SB 106 will likely have no impact on petition activity in South Dakota (unless MAGA-fascism spreads and Governor Rhoden deports Rick Weiland to Minnesota). The Florida sponsor of the school prayer mandate hasn’t organized or launched an actual petition drive, thus indicating he, like some other non-resident submitters in the past, are just larking about. The out-of-staters with serious intent and money will simply follow the 2015 example of Henry T. Nicholas and the payday lenders and find local patsies to sign on as titular sponsors.

*****

Those are the six new laws affecting the process of proposing, petitioning, and voting on ballot measures. The 2025 Legislature also put one change on the 2026 ballot:

HJR 5003/Amendment L—60% to Amend: In 2018, voters rejected Amendment X, a Republican proposal to require a 55% supermajority to amend the South Dakota Constitution. In 2022, voters rejected Amendment C, a Republican proposal to require a 60% supermajority to enact any ballot measure having significant fiscal impact.

Evidently every four years, Republicans are going to try for another supermajority requirement. This Session, Republicans passed House Joint Resolution 5003, now tagged Amendment L, to ask voters at the 2026 election to amend the constitution to require a 60% supermajority to approve any future amendments. Let’s hope voters offer the same response as they did in 2018 and 2022… and let’s hope perhaps beyond hope that Republican figure out that when voters say NO, they mean it.

*****

The 2025 Legislature had had its way, one more drastic change would have taken effect and likely killed citizen initiatives to amend the state constitution. House Bill 1169 would have enacted a geographical quota on initiated amendment petitions. In addition to gathering signatures from 10% of qualified electors statewide, HB 1169 would have required sponsors to gather signatures from at least 5% of qualified voters from each of South Dakota’s 35 Legislative districts.

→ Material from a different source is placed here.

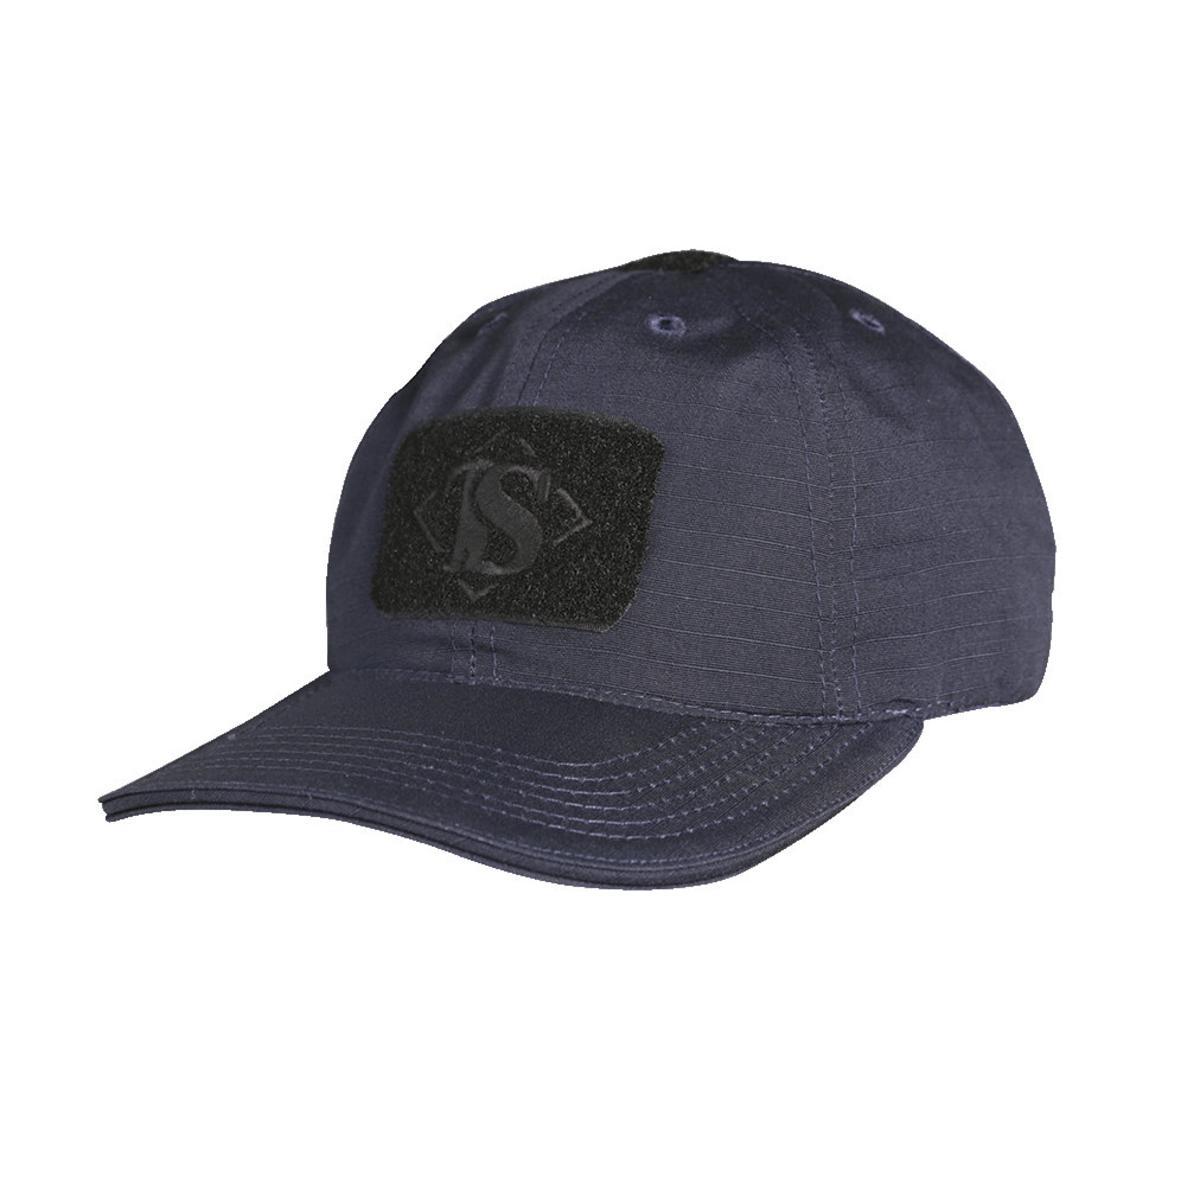 Tru-Spec-Contractors-Cap-Tactical-Baseball-Operators-Hat-Poly-Cotton-Rip-Stop

That change would have made petitioning physically unworkable. A circulator on any busy sidewalk or at any well-attended public event may encounter voters from any district in the state on any given day. To be ready to take signatures from every willing signer, a circulator would have to carry 35 folders of distinct petition sheets, one for each district, and get each voter to figure out what district she is from. (Pop quiz: what Legislative district do you live in? I will bet that a supermajority of people on the street cannot answer that question immediately without prompting.)

HB 1169 was wrong for many other reasons, which Governor Larry Rhoden helpfully enumerated in his veto letter, one of only two vetoes he issued in his first time at the big desk. Unworkable, unfair, un-grassroots, and possibly unconstitutional by under both the federal and state constitutions—I don’t think Larry Rhoden loves ballot questions any more than the rest of his Republican Party, but even he recognized that HB 1169 went far too far in curtailing South Dakotans’ fundamental right to  amend their own constitution.

One Comment

  1. Drey Samuelson

    Wow, this is a VERY comprehensive and valuable list, Cory–thank you!!!

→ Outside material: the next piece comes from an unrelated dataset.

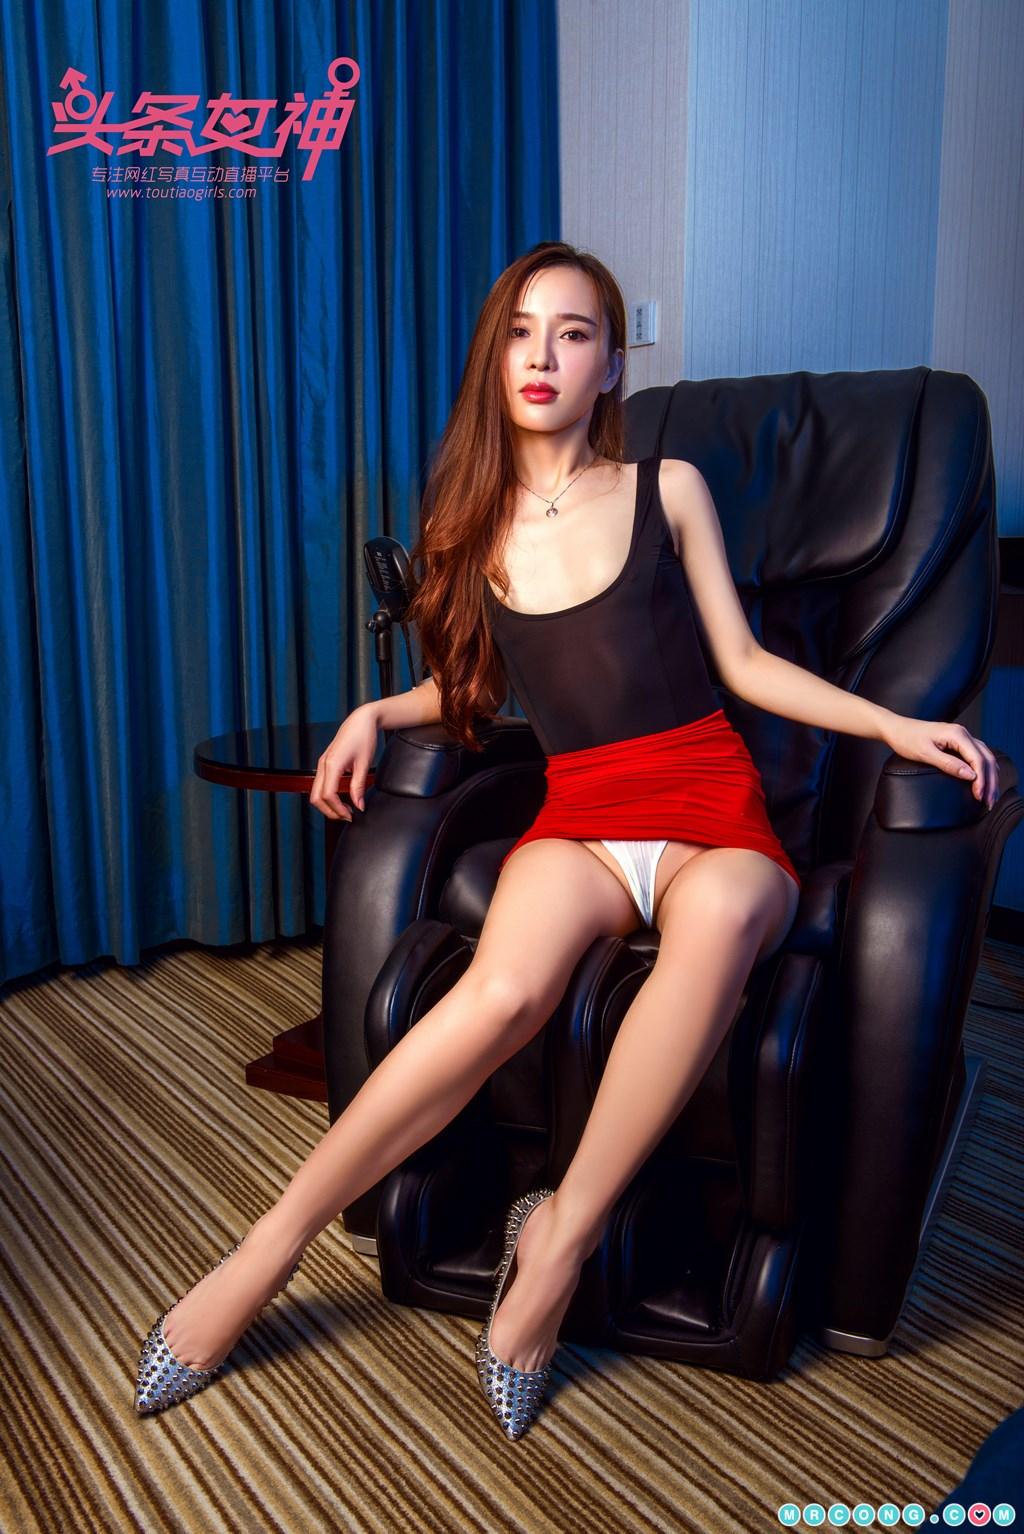 Image TouTiao-2017-12-16-Ai-Xiao-Qing-MrCong.com-025 in post TouTiao 2017-12-16: Người mẫu Ai Xiao Qing (艾小青) (32 ảnh)

    Something that ballot initiative reformers might consider is, instead of eliminating the single-subject prohibition from initiatives (which is very unlikely to be passed), reformers might want to sponsor an initiative tightening (or clarifying) what is and what isn’t a single subject. Had we passed that before the 2020 election, there is a good chance that South Dakota voters would now have the benefit of legalized adult-use marijuana, AND the state treasury would now have the benefit of probably at least $50M a year in the general fund!